### Task details:
Pictures aside, every line of the listing should be given again exactly.

### Given information:
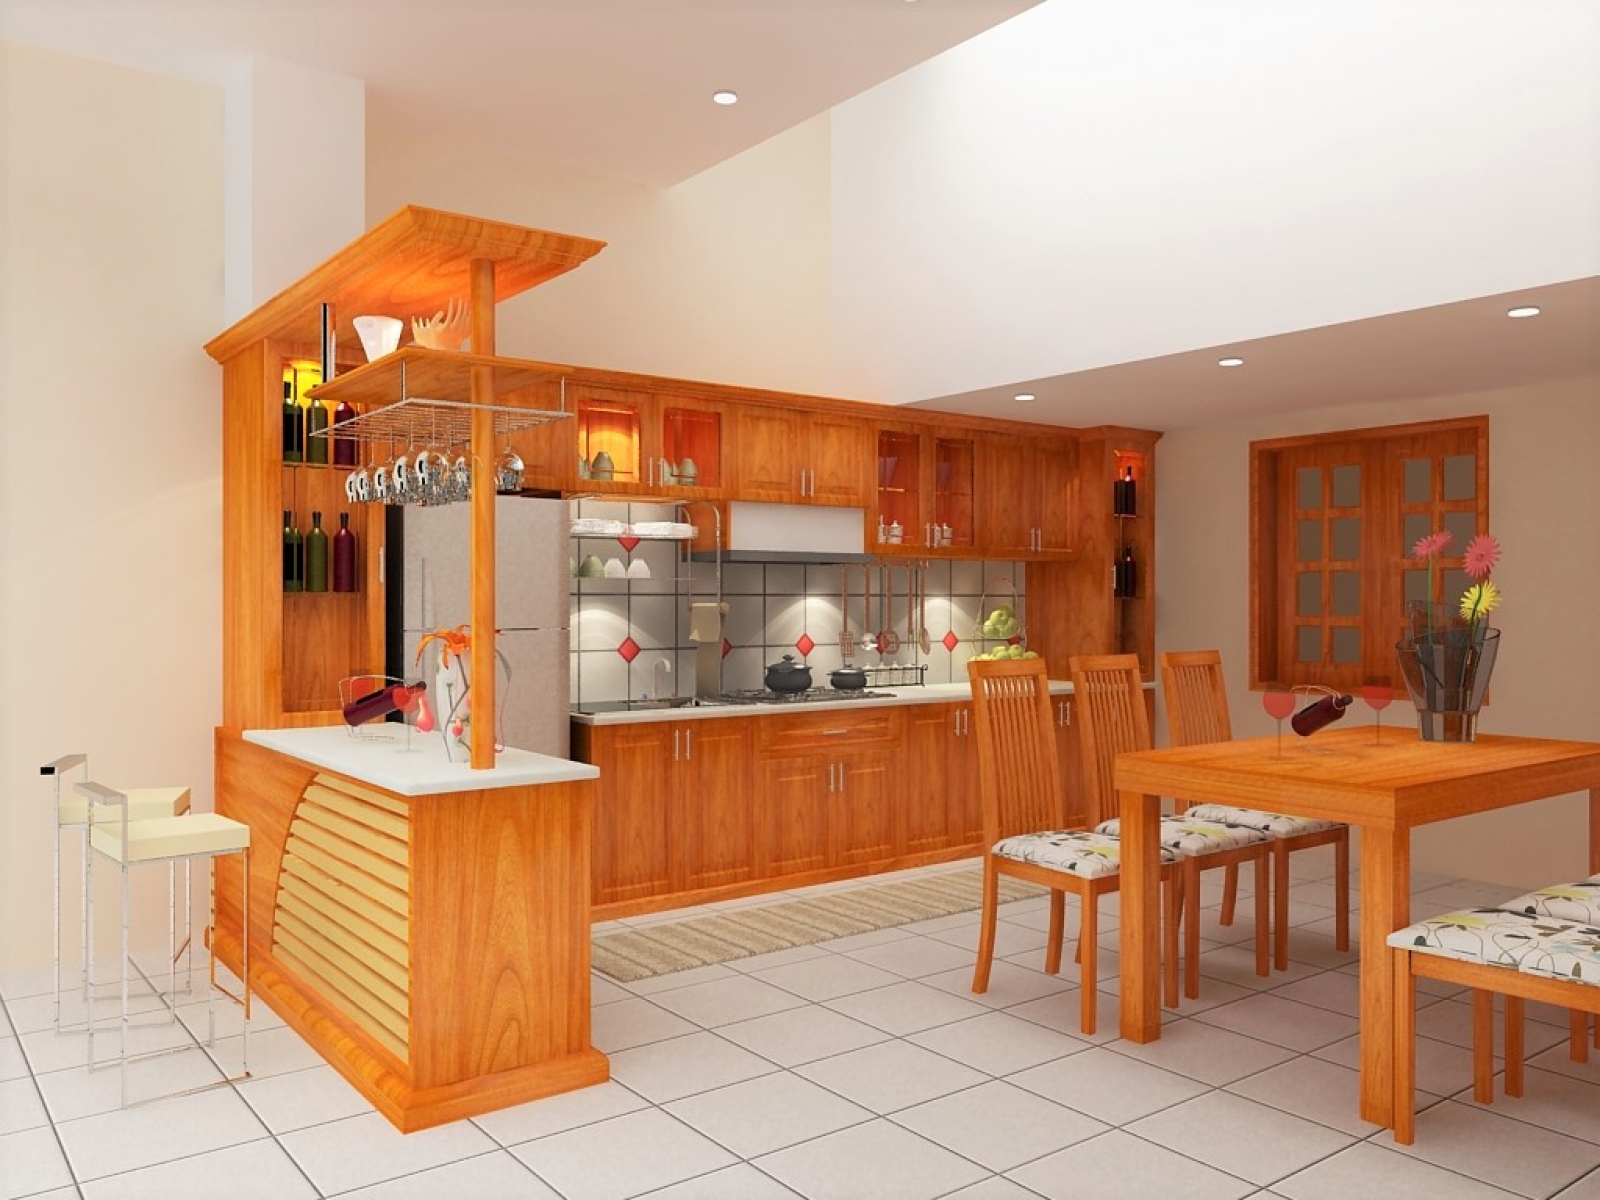 Tủ bếp gỗ xoan đào là sự lựa chọn tuyệt vời để tăng sự sang trọng và ấm áp cho căn bếp của bạn. Xem hình ảnh để hiểu rõ hơn về độ đẹp và sự tinh tế của tủ bếp gỗ xoan đào.
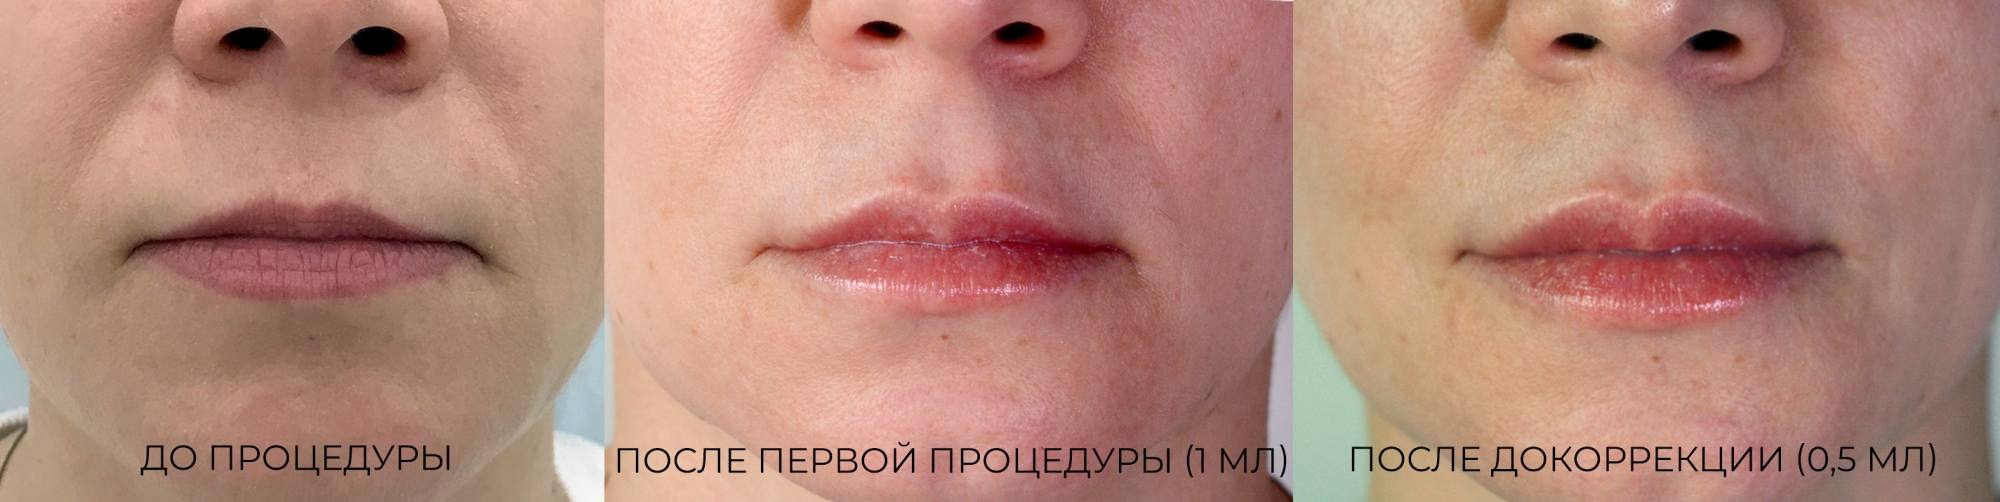 Коррекция формы и увеличение губ
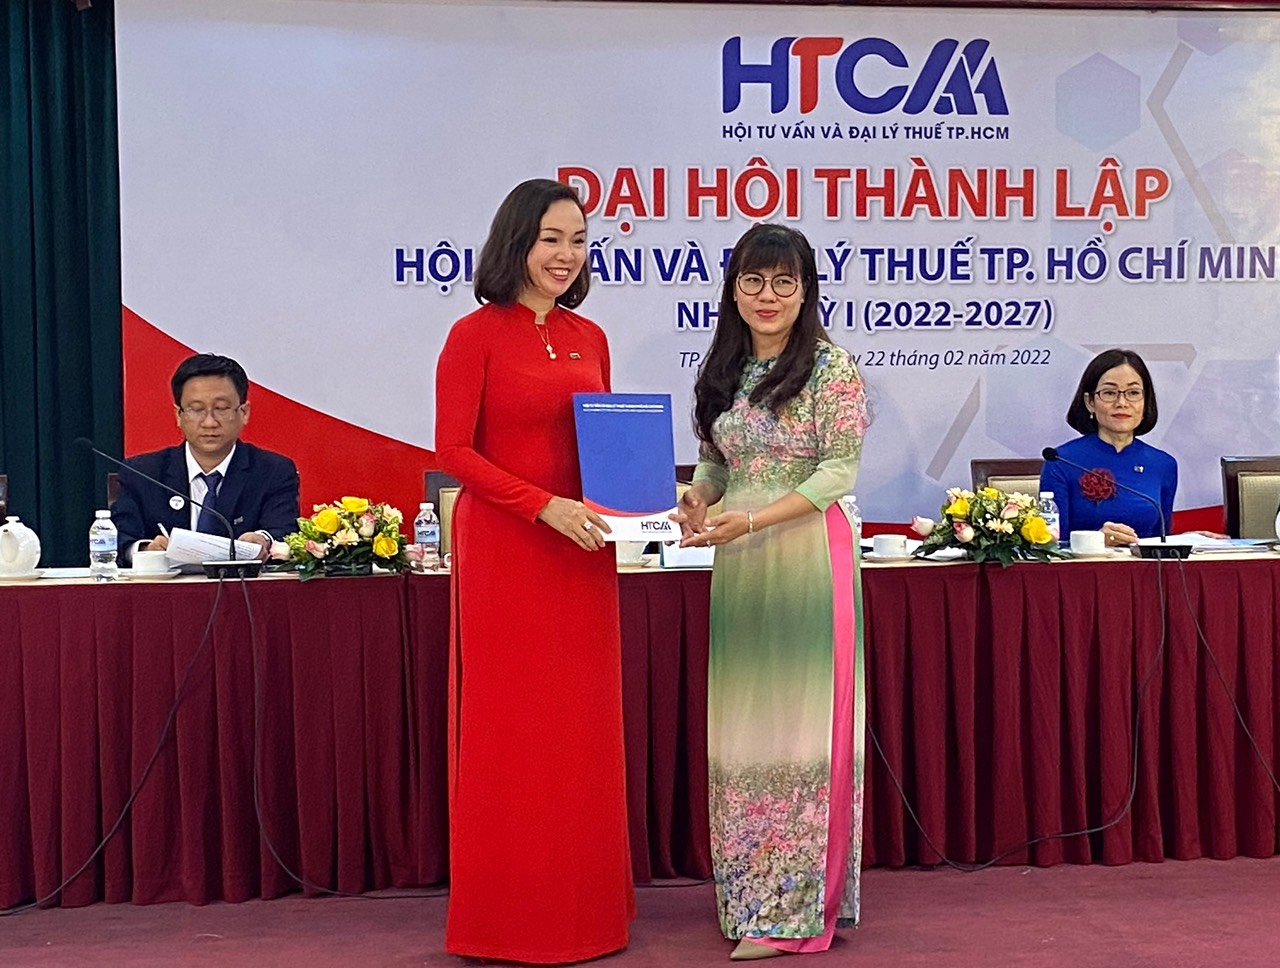 Bà Lê Thị Thu Hương (áo đỏ), nguyên phó cục trưởng Cục Thuế TP.HCM, làm chủ tịch hộ

### Response area:
 Tủ bếp gỗ xoan đào là sự lựa chọn tuyệt vời để tăng sự sang trọng và ấm áp cho căn bếp của bạn. Xem hình ảnh để hiểu rõ hơn về độ đẹp và sự tinh tế của tủ bếp gỗ xoan đào.
 Коррекция формы и увеличение губ
 Bà Lê Thị Thu Hương (áo đỏ), nguyên phó cục trưởng Cục Thuế TP.HCM, làm chủ tịch hộ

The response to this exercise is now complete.